Brain abscesses are quite uncommon in cancer patients but occur in them with a greater frequency than in the general population. Patients who are immunosuppressed as a result of either their disease (e.g., lymphoma) or its treatment are prone to infection by opportunistic organisms. Abscesses caused by a fungus or Toxoplasma are not uncommon. Surgically significant bacterial abscesses may occur in patients in whom a communication between the intracranial space and the body surface develops following radical surgery and/or radiation therapy for malignant tumors near the skull base. They may also originate from septic emboli in patients who have lung abscesses secondary to bronchial obstruction by primary or metastatic tumors.

Infarction and Hemorrhage

Cerebrovascular lesions are common in patients with cancer; they are found at autopsy in about 15 percent of cases. Hemorrhage and infarction occur with equal frequency, and about one­half of each are symptomatic. Both entities, at times, produce clinical symptoms and radiologic findings that may be confused with those of metastatic tumors. In addition to their potential for creating diagnostic problems and the fact that they most frequently occur during the end stages of disease, several cerebrovascular lesions, especially intracerebral and subdural haematomas, are of surgical importance. Intracerebral haematoma is encountered in about 4 to 5 percent of cancer patients at autopsy, and subdural haematoma in 1 to 2 percent. The most common cause of haemorrhage is a coagulopathy, usually thrombocytopenia. In some patients, a transient thrombocytopenia may be responsible for a chronic subdural haematoma. In most instances, acute, coagulopathy-induced haemorrhage into the subdural space or brain is massive and attempts at salvage are futile.

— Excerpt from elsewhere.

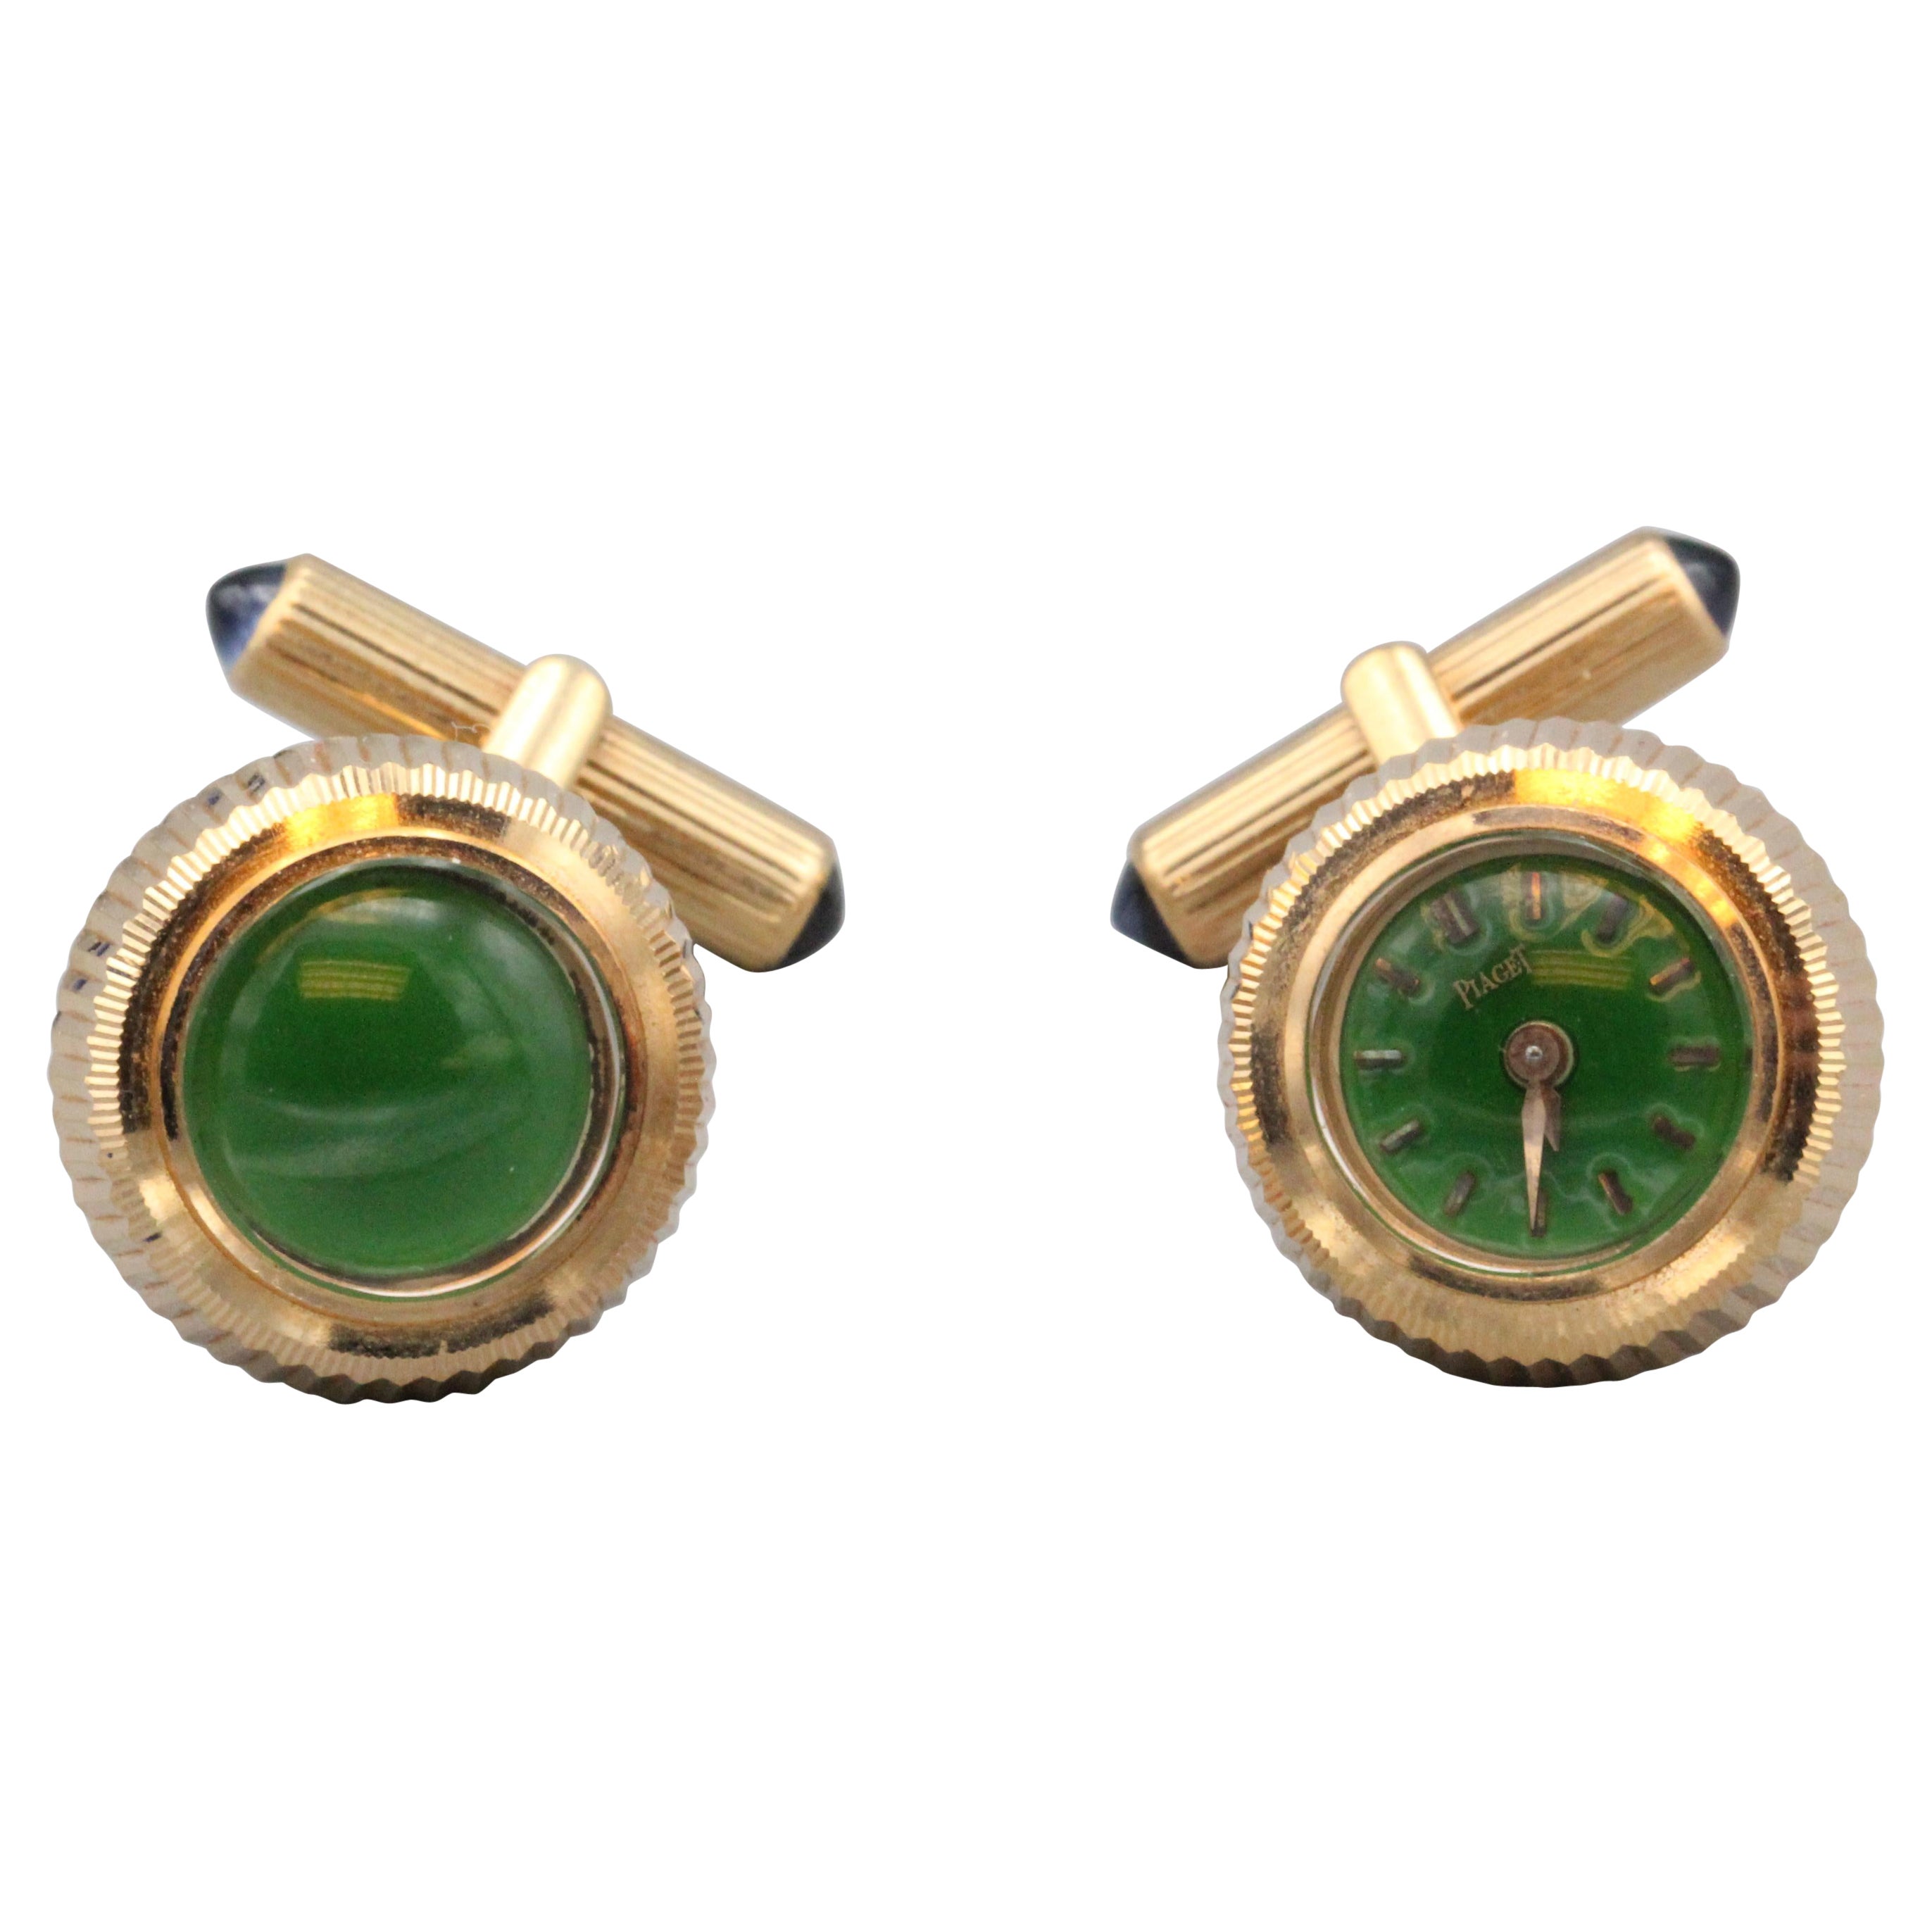 Piaget 18 Karat Gold Uhren-Manschettenknöpfe mit grüner Emaille und Saphir

Intra- or peritumoral haemorrhage, usually spontaneous, is responsible for about 25 percent of intracerebral haemorrhages. The majority are associated with melanoma and choriocarcinoma but can be produced by any metastatic tumor. Bleeding usually emanates from relatively small vessels and dissects along fiber tracts in the centrum, displacing rather than destroying significant amounts of neural tissue. The neurological deficit after surgical removal is, therefore, often insignificant even with very large clots. In a neurologically deteriorating patient, the most effective treatment is prompt, thorough removal of the clot and tumor. This not only may be lifesaving but, in patients with no other intracranial disease and limited or treatable disease elsewhere, can result in prolonged and meaningful survival. Since delay in the removal of large clots usually results in death or a profound deficit in such patients, the frequent practice of "watchful waiting" should be condemned.

Radiologic Evaluation

The presence of brain metastases is critical information in staging the cancer patient and planning treatment. Under most circumstances, the presence of brain metastases is synonymous with poor prognosis, and conservative or palliative treatment is administered. However, the patient with a solitary brain metastasis may derive benefit, in both quality of life and survival, from an aggressive approach consisting of surgical resection or stereotactic irradiation of the lesion. Therefore, it is essential that such a lesion be detected at the earliest-possible stage. Current CT and magnetic resonance imaging (MRI) scanners are capable of detecting tumors less than 5 mm in diameter and provide a simple method for early, accurate diagnosis of metastatic brain tumors and meaningful follow-up after treatment.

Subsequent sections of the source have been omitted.